Sort of, but not quite. To get a bank account, you usually need to show some regular source of income. This can be a somewhat regular transfer of funds from your US bank to your French bank - via Wise or any other FX type of intermediary. (This is what retirees here do with their pensions in many cases.) And since mortgages are usually based on your banking history, this should also work for applying for a mortgage.

Putting aside all considerations of S and C Corporations, there is always the option of billing your US company for your services (as a sort of contractor), with your billings becoming deductible expenses for your US based company. You would need to talk to an attorney or tax person to figure out the best way to do this - and precisely how the taxes on both you personally and the business entity in the US would work, especially the state taxes to California. The other possibility is to consider if you really need to return to the US to do your work or if you could work remotely, which would solve a whole bunch of issues.


----------



## aft00

Good to know that mortgages are based on banking history as opposed to strictly "salary". The regular transfer thing would be simple.


_*"there is always the option of billing your US company for your services (as a sort of contractor), with your billings becoming deductible expenses for your US based company."*_

Yes, in my mind this is one of the most "Simple" ideas --- but wasn't sure if it was a good idea or not.

That was why I was asking about which French type of entity I would need to set up to do that -- and to just bill my US entity as a vendor.
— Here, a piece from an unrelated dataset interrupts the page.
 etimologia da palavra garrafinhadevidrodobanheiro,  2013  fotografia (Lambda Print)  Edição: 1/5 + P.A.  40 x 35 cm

Essentially I have 2 companies/entities and the French one bills the US one. (But hopefully avoid a situation where I'm subject to charging VAT from my French entity to my US entity). 
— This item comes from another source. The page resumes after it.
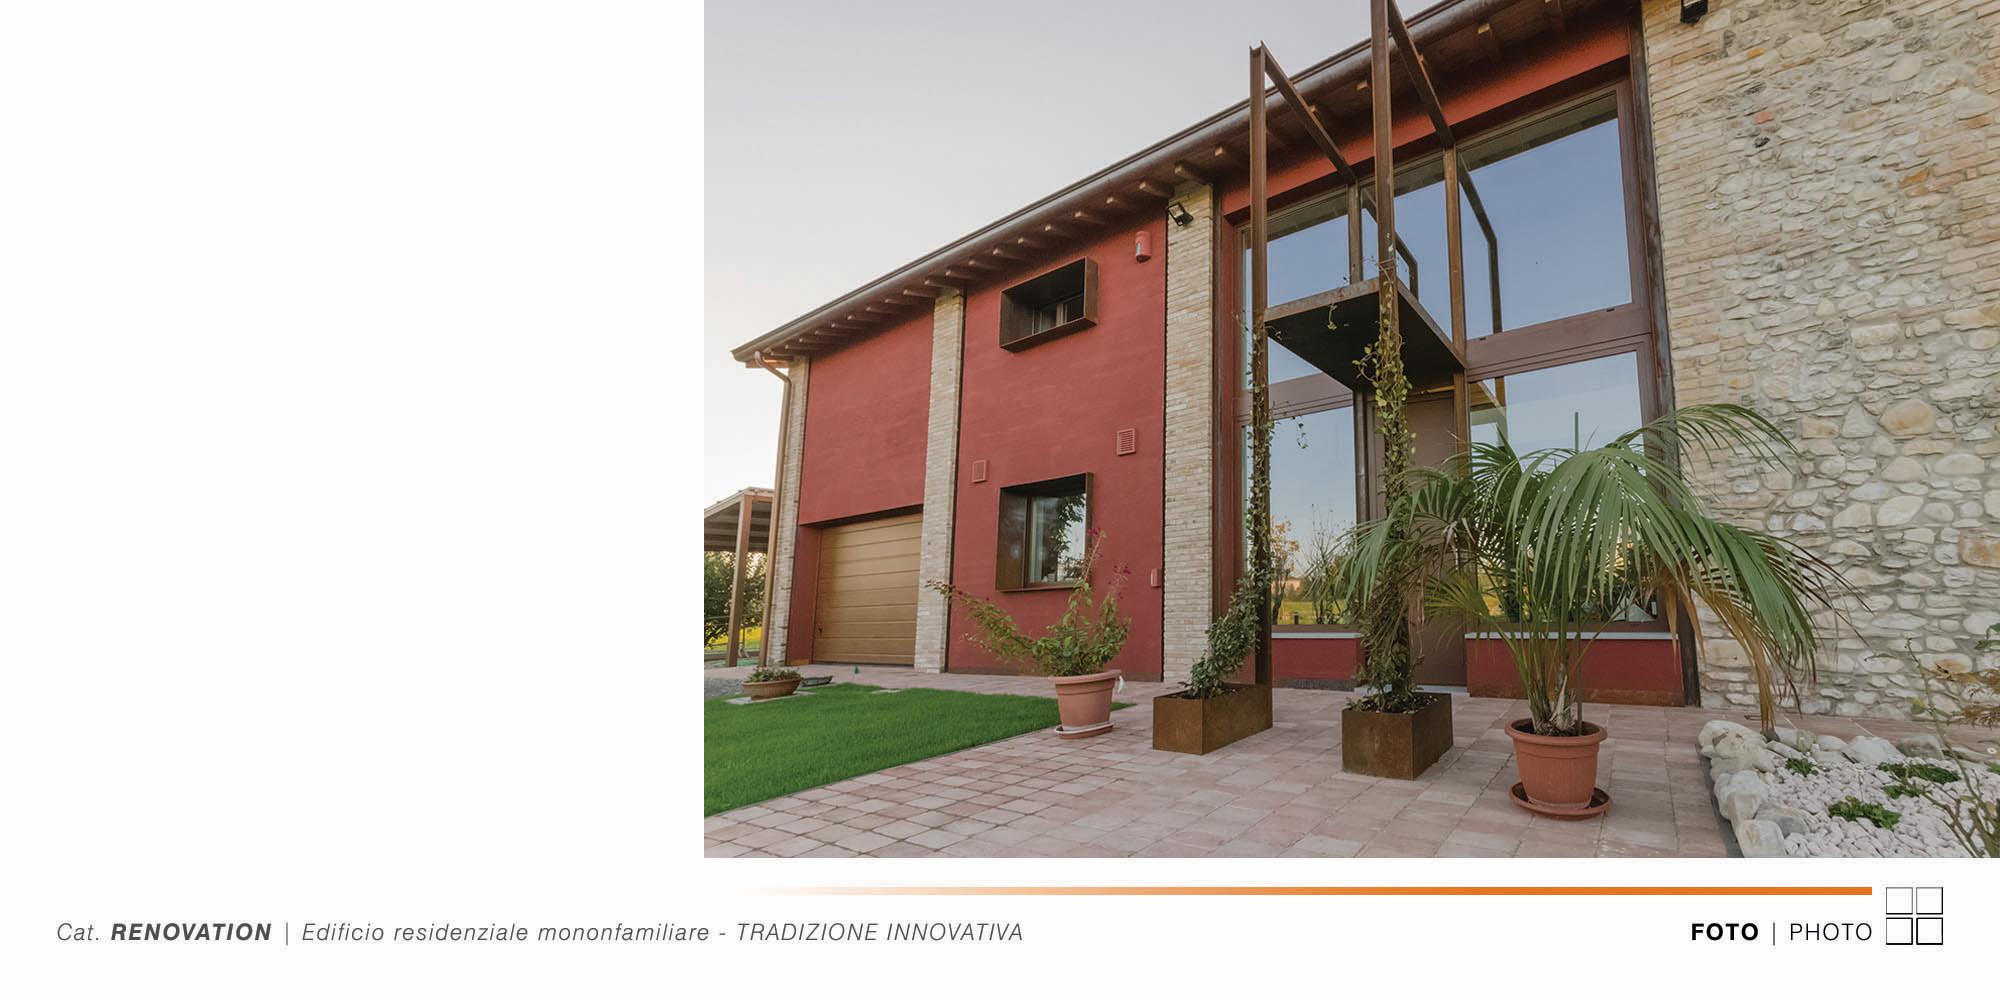 Edificio Residenziale Monofamiliare - TRADIZIONE INNOVATIVA - 003

I was looking at Auto-entrepreneur (as it was formerly called) to be able to do this as far as keeping things simple-- and I guess if I were to leave any amounts above the income threshold levels that have been set by France in the US entity, and just bill for services with my French entity, that could possibly be a simple solution?
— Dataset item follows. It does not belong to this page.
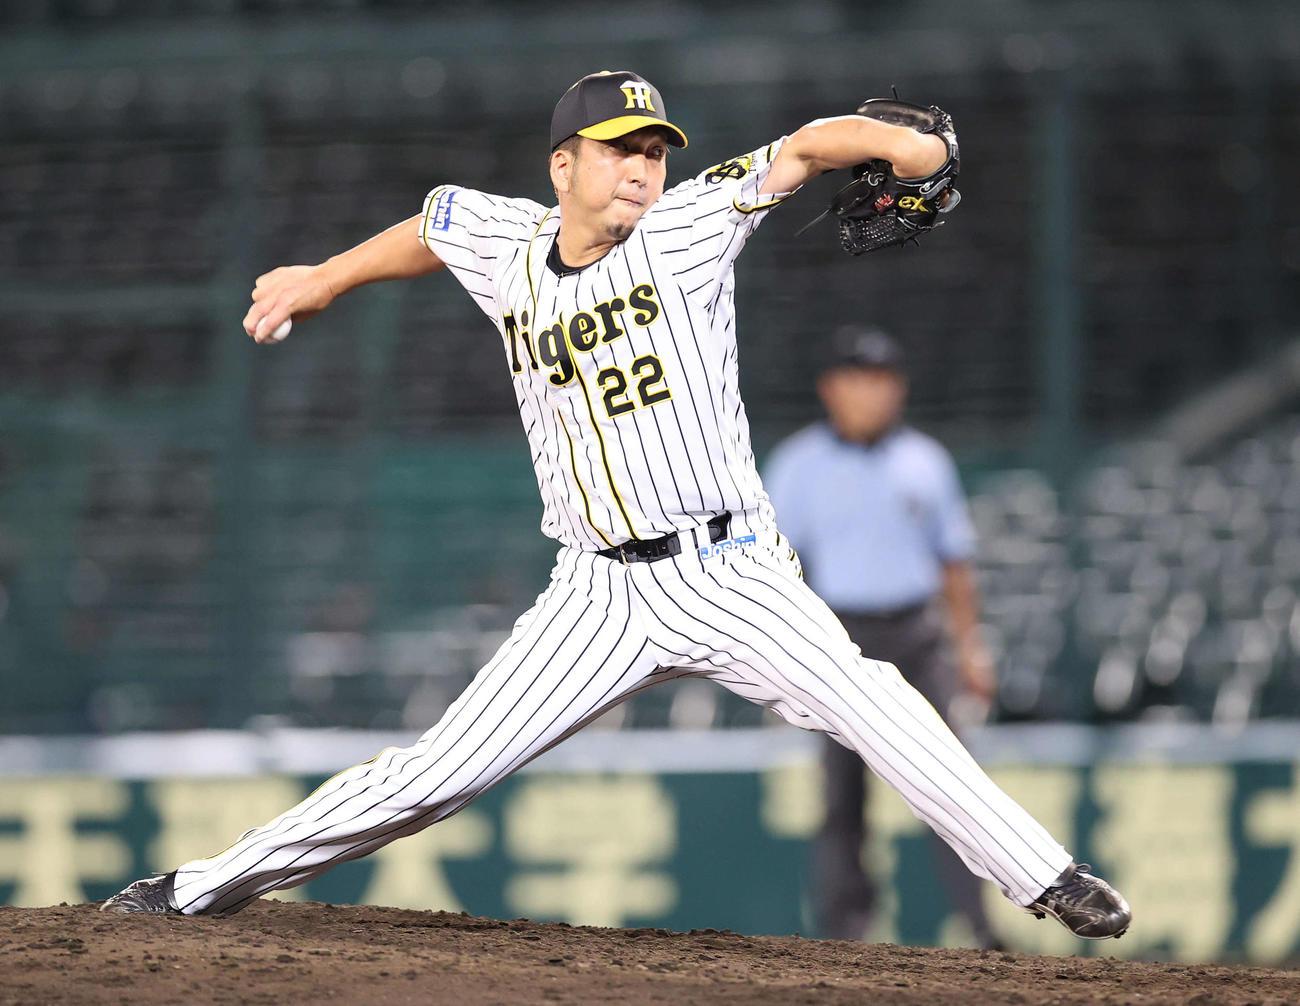 阪神対巨人 9回表に阪神4番手で登板した藤川(撮影・河野匠)

My work is production work -- so I prep from anywhere (usually a home office) -- travel on site to do the work for short period of time -- then do the post work/admin back at my home office. 













Bevdeforges said:


> Sort of, but not quite. To get a bank account, you usually need to show some regular source of income. This can be a somewhat regular transfer of funds from your US bank to your French bank - via Wise or any other FX type of intermediary. (This is what retirees here do with their pensions in many cases.) And since mortgages are usually based on your banking history, this should also work for applying for a mortgage.
> 
> Putting aside all considerations of S and C Corporations, there is always the option of billing your US company for your services (as a sort of contractor), with your billings becoming deductible expenses for your US based company. You would need to talk to an attorney or tax person to figure out the best way to do this - and precisely how the taxes on both you personally and the business entity in the US would work, especially the state taxes to California. The other possibility is to consider if you really need to return to the US to do your work or if you could work remotely, which would solve a whole bunch of issues.


----------



## aft00

I think the caveat to this has been if I, as a French based contractor, derive all of my income from one company, then -- like it's gone in California and NY recently as well, there's a possibility that the French authorities would consider me an employee instead of contractor.




aft00 said:


> Good to know that mortgages are based on banking history as opposed to strictly "salary". The regular transfer thing would be simple.
> 
> 
> _*"there is always the option of billing your US company for your services (as a sort of contractor), with your billings becoming deductible expenses for your US based company."*_
> 
> Yes, in my mind this is one of the most "Simple" ideas --- but wasn't sure if it was a good idea or not.
> 
> That was why I was asking about which French type of entity I would need to set up to do that -- and to just bill my US entity as a vendor. Essentially I have 2 companies/entities and the French one bills the US one. (But hopefully avoid a situation where I'm subject to charging VAT from my French entity to my US entity).
> 
> I was looking at Auto-entrepreneur (as it was formerly called) to be able to do this as far as keeping things simple-- and I guess if I were to leave any amounts above the income threshold levels that have been set by France in the US entity, and just bill for services with my French entity, that could possibly be a simple solution?
> 
> My work is production work -- so I prep from anywhere (usually a home office) -- travel on site to do the work for short period of time -- then do the post work/admin back at my home office.


----------



## RayRay

The advantage of physically performing the work in the US is that it makes paying US taxes very simple and the Fisc won’t give you a hard time about it. There is recognition, so says my French tax attorney, that one must often make phone calls, email, etc. while in France to arrange and manage things, but that as long as the work is done in the US, you can be taxed there. He did strongly recommend that I have a US office to give me a US presence. I did that, and then deducted what I paid for the office from my US taxes. 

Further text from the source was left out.